B. Perumusan Masalah

  1. Bagaimanakah peran Satuan Reserse Kriminal Kepolisian Resort Banyumas dalam menanggulangi judi toto gelap di Kabupaten Banyumas?

  2. Kendala apa saja yang dihadapi oleh Satuan Reserse Kriminal Kepolisian Resort Banyumas dalam menanggulangi judi toto gelap di Kabupaten Banyumas?

  3. Upaya apa saja yang dilakukan oleh Satuan Reserse Kriminal Kepolisian Resort Banyumas dalam mengatasi kendala dalam penanggulangan judi toto gelap di Kabupaten Banyumas?

  C. Tujuan Penelitian

  1. Untuk mengetahui peran Satuan Reserse Kriminal Kepolisian Resort Banyumas dalam menanggulangi judi toto gelap di Kabupaten Banyumas.

  2. Untuk mengetahui kendala yang dihadapi oleh Satuan Reserse Kriminal Kepolisian Resort Banyumas dalam menanggulangi judi toto gelap di Kabupaten Banyumas.

  3. Untuk mengetahui upaya yang dilakukan oleh Satuan Reserse Kriminal Kepolisian Resort Banyumas dalam mengatasi kendala dalam penanggulangan judi toto gelap di Kabupaten Banyumas.

  D. Manfaat Penelitian 1. Manfaat Teoritis

  a. Hasil penelitian ini diharapkan akan dapat memberikan manfaat bagi pengembangan ilmu hukum, khususnya di bidang hukum pidana.

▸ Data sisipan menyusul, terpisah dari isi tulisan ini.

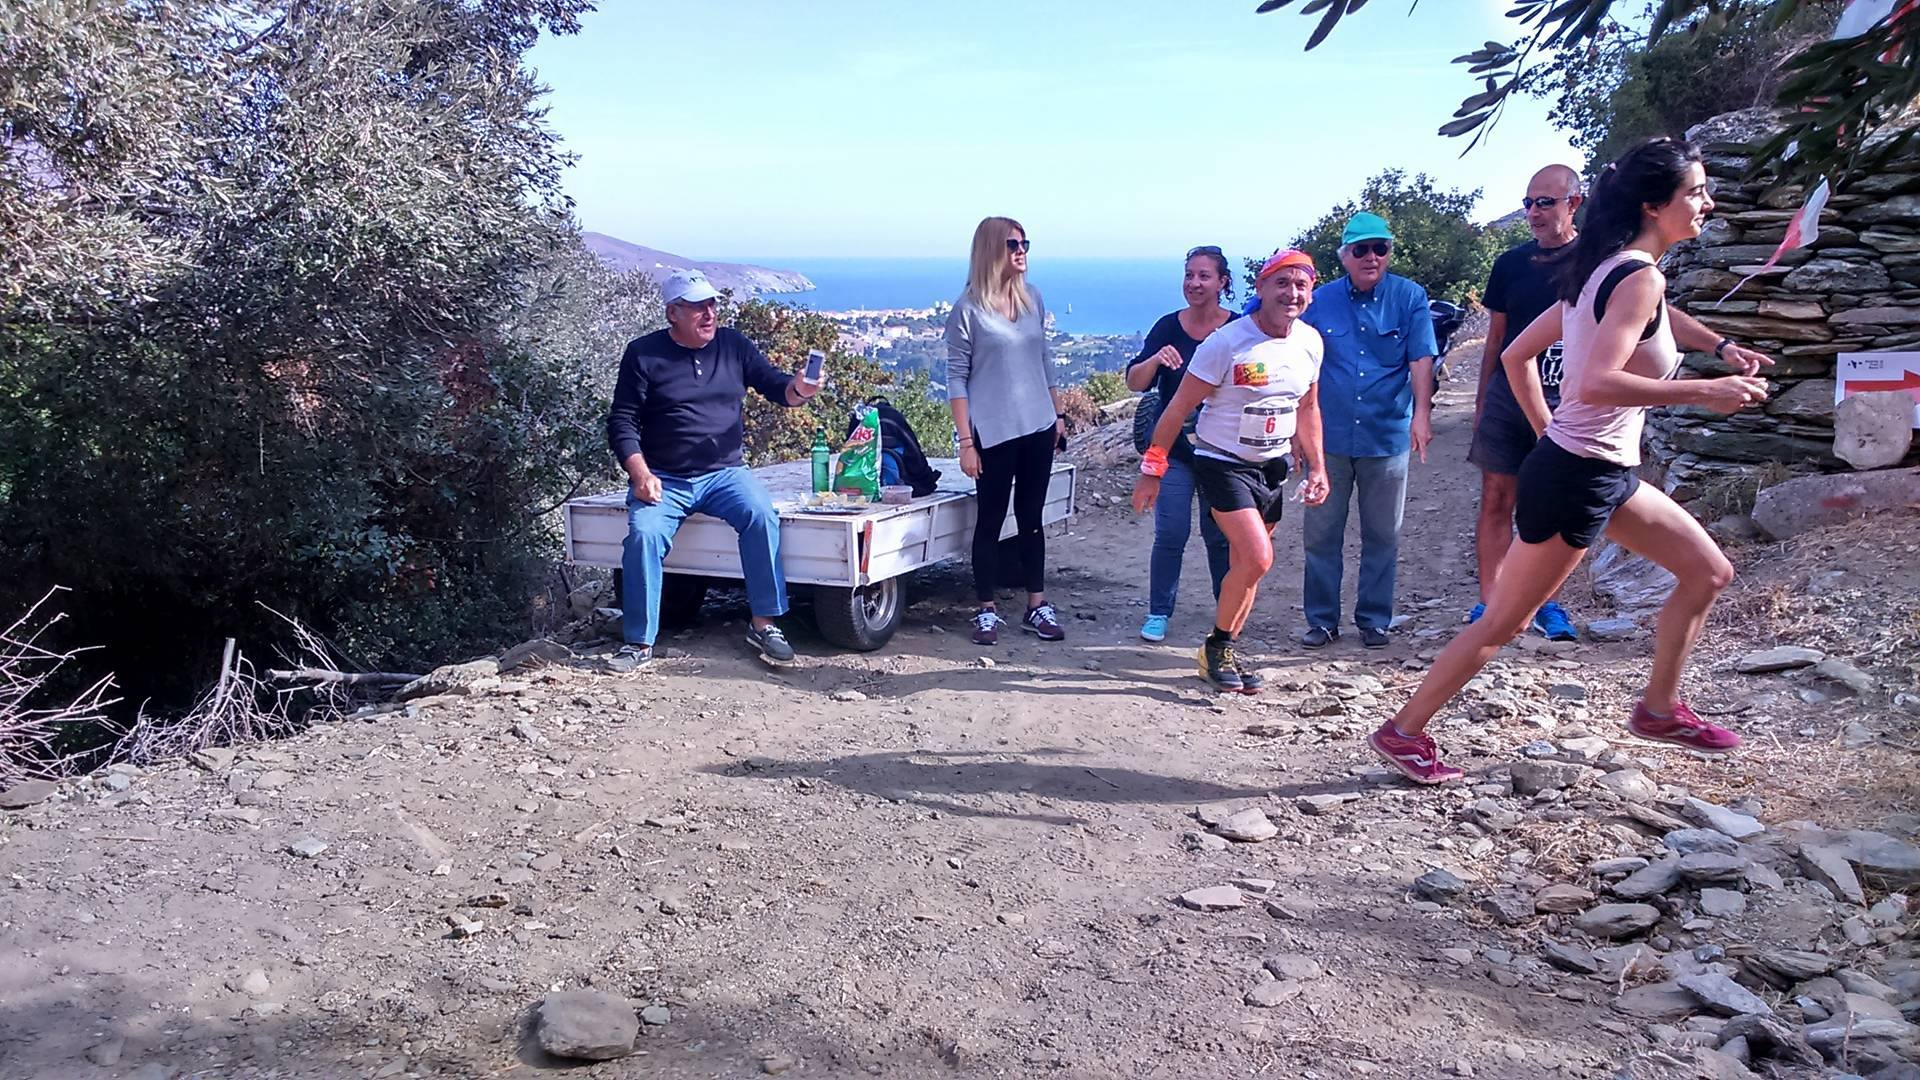 andros-trail-race-leivadia-station-2-oct-hariclia-daniolou-fotos-7

  b. Hasil penelitian ini dapat dijadikan acuan bagi penelitian berikutnya berkenaan dengan masalah terkait.

2. Manfaat Praktis

  a. Sebagai bahan masukan kepada para penegak hukum, khususnya polisi, maupun jaksa, hakim, dan advokat terkait dengan penanggulangan judi toto gelap.

  b. Bagi masyarakat atau pembaca dapat memberikan informasi tentang salah satu bentuk tindak pidana yang ada di Indonesia.